Le news del 27 aprile sul caso Rocchi, Dino Tommasi è il nuovo designatore

Cosa è successo il 27 aprile sul caso Rocchi: la commissione arbitrale AIA ha affidato a Dino Tommasi il ruolo di designatore fino a fine campionato 2026, dopo che su Rocchi, Gervasoni e altri varisti è scattata un’indagine per concorso in frode sportiva.

27 Aprile 2026, 7:26 ULTIMO AGGIORNAMENTO 27 APRILE 2026 - 23:48
A cura di Fabrizio Rinelli, Alessio Morra, Maurizio De Santis
Immagine

L'inchiesta della Procura di Milano sugli arbitri italiani assume contorni più definiti. Tutte le news del 27 aprile. Cinque indagati ristretti al mondo dei fischietti, non vi sono altre persone (al momento) inserite nel fascicolo degli inquirenti; non c'è alcun dirigente dell'Inter coinvolto; gli inquirenti non hanno acceso i riflettori su partite del campionato in corso; il filone di indagine che ha portato agli sviluppi odierni è iniziato nel 2024.

Gianluca Rocchi è indagato e si è autosospeso da designatore degli arbitri di A e B dopo l'accusa da parte della procura di Milano di concorso in frode sportiva. Il prossimo 30 aprile Rocchi sarà interrogato assieme ad Andrea Gervasoni, supervisore VAR accusato anche lui di concorso in frode sportiva per Salernitana-Modena dell'8 marzo 2025. Gervasoni sarebbe pronto a rispondere al pm di Milano mentre Rocchi è ancora in dubbio e potrebbe avvalersi della facoltà di non rispondere. Rocchi è indagato insieme a Gervasoni, Di Vuolo, Nasca e Paterna.

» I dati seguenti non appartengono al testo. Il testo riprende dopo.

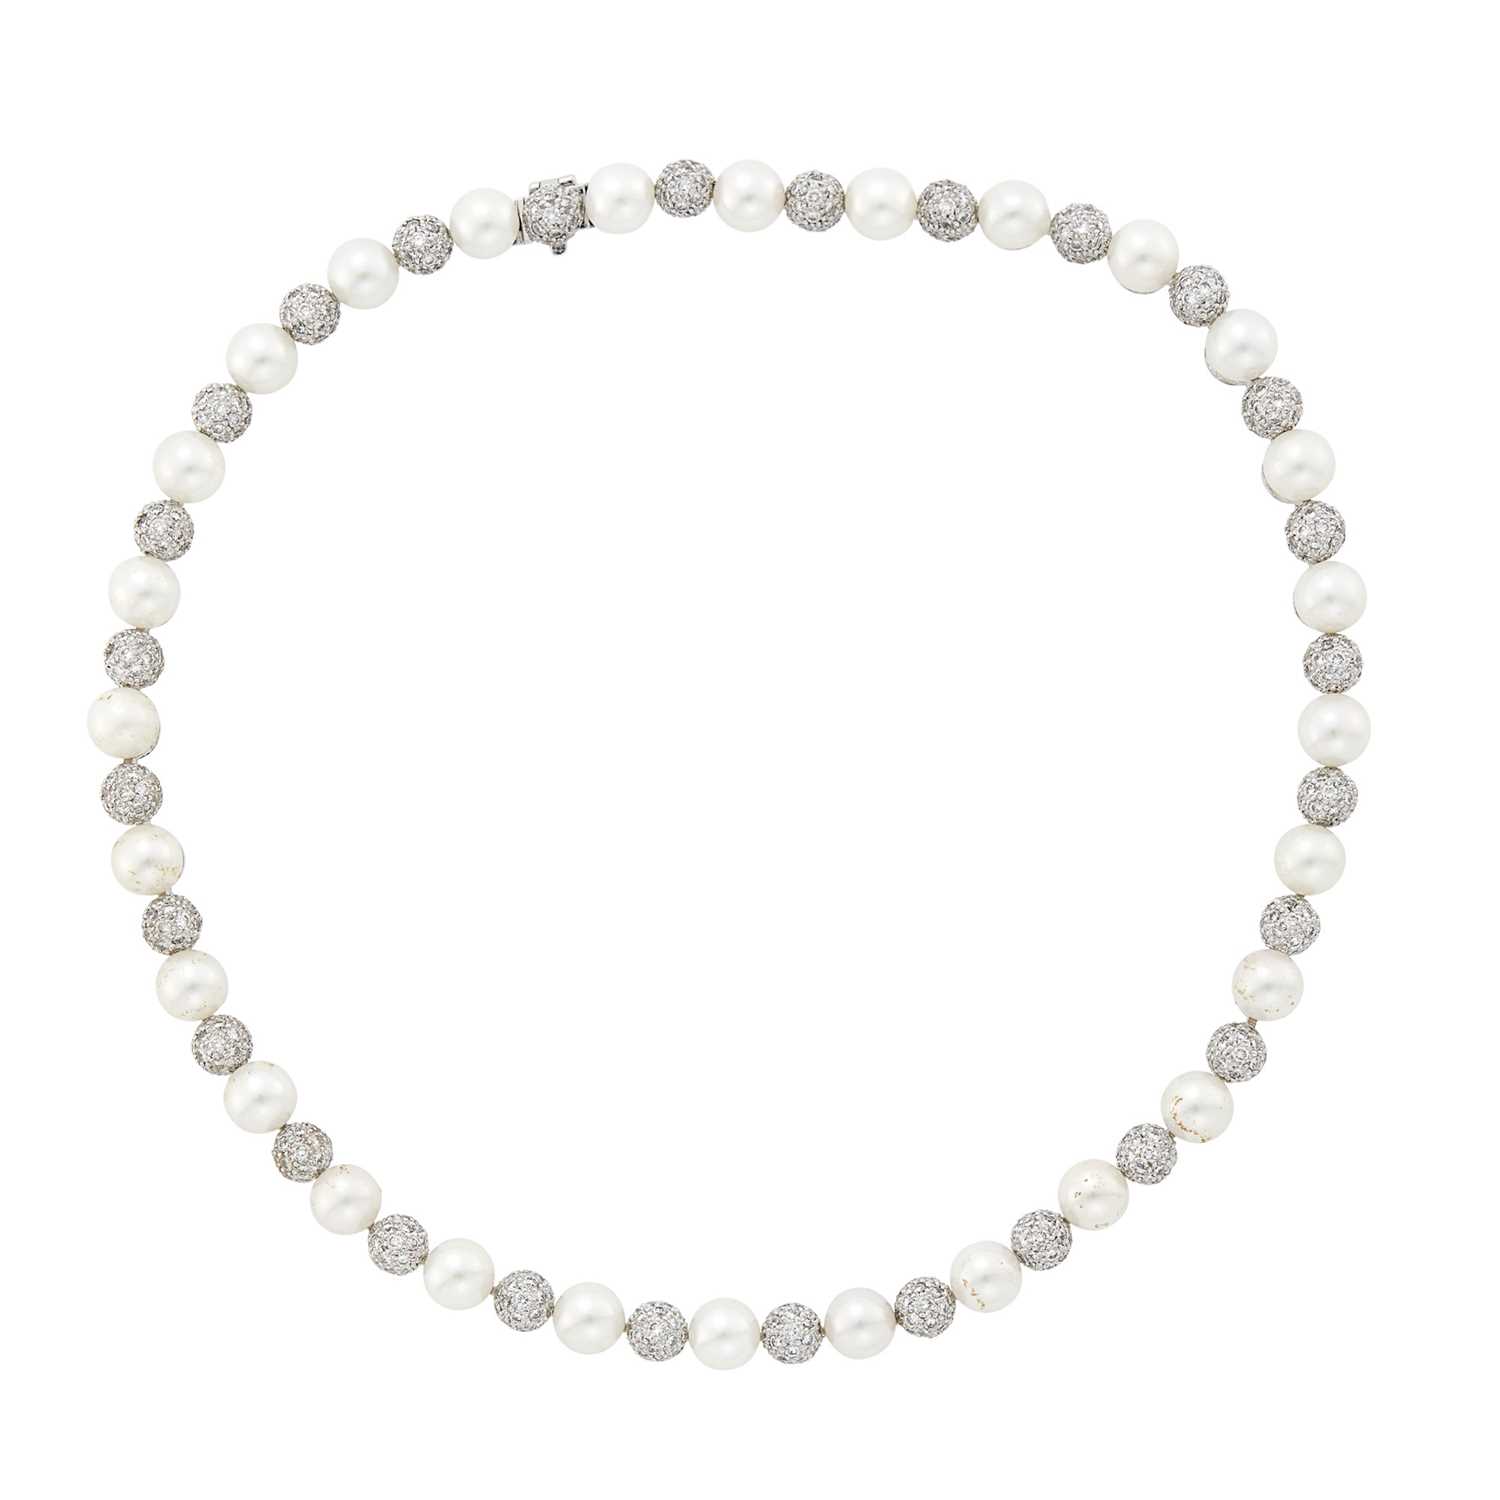 Lot 50 - White Gold, Cultured Pearl and Diamond Necklace

L'AIA, riunitasi d'urgenza, ha scelto come designatore ad interim per la Serie A e la Serie B Dino Tommasi (nella foto), che ricoprirà l'incarico per queste ultime giornate di campionato.

23:35

Sono 5 gli indagati nell'inchiesta, Inter esclusa e Dino Tommasi nuovo designatore fino a fine campionato

L'inchiesta della Procura di Milano sugli arbitri italiani ha portato all'iscrizione di cinque persone nel registro degli indagati, tutti riconducibili al mondo dei fischietti. Si tratta di Rocchi – ormai ex designatore, accusato di concorso in frode sportiva e autosospeso insieme a Gervasoni, anche lui indagato – Di Vuolo, Nasca e Paterna. Non ci sono altre persone, nemmeno dirigenti dell'Inter coinvolta come società con alcune accuse. Nel frattempo Gervasoni sarebbe pronto a rispondere al pm di Milano mentre Rocchi è ancora in dubbio e potrebbe avvalersi della facoltà di non rispondere. L'AIA, riunitasi d'urgenza, ha scelto come designatore ad interim per la Serie A e la Serie B Dino Tommasi, che ricoprirà l'incarico per queste ultime giornate di campionato.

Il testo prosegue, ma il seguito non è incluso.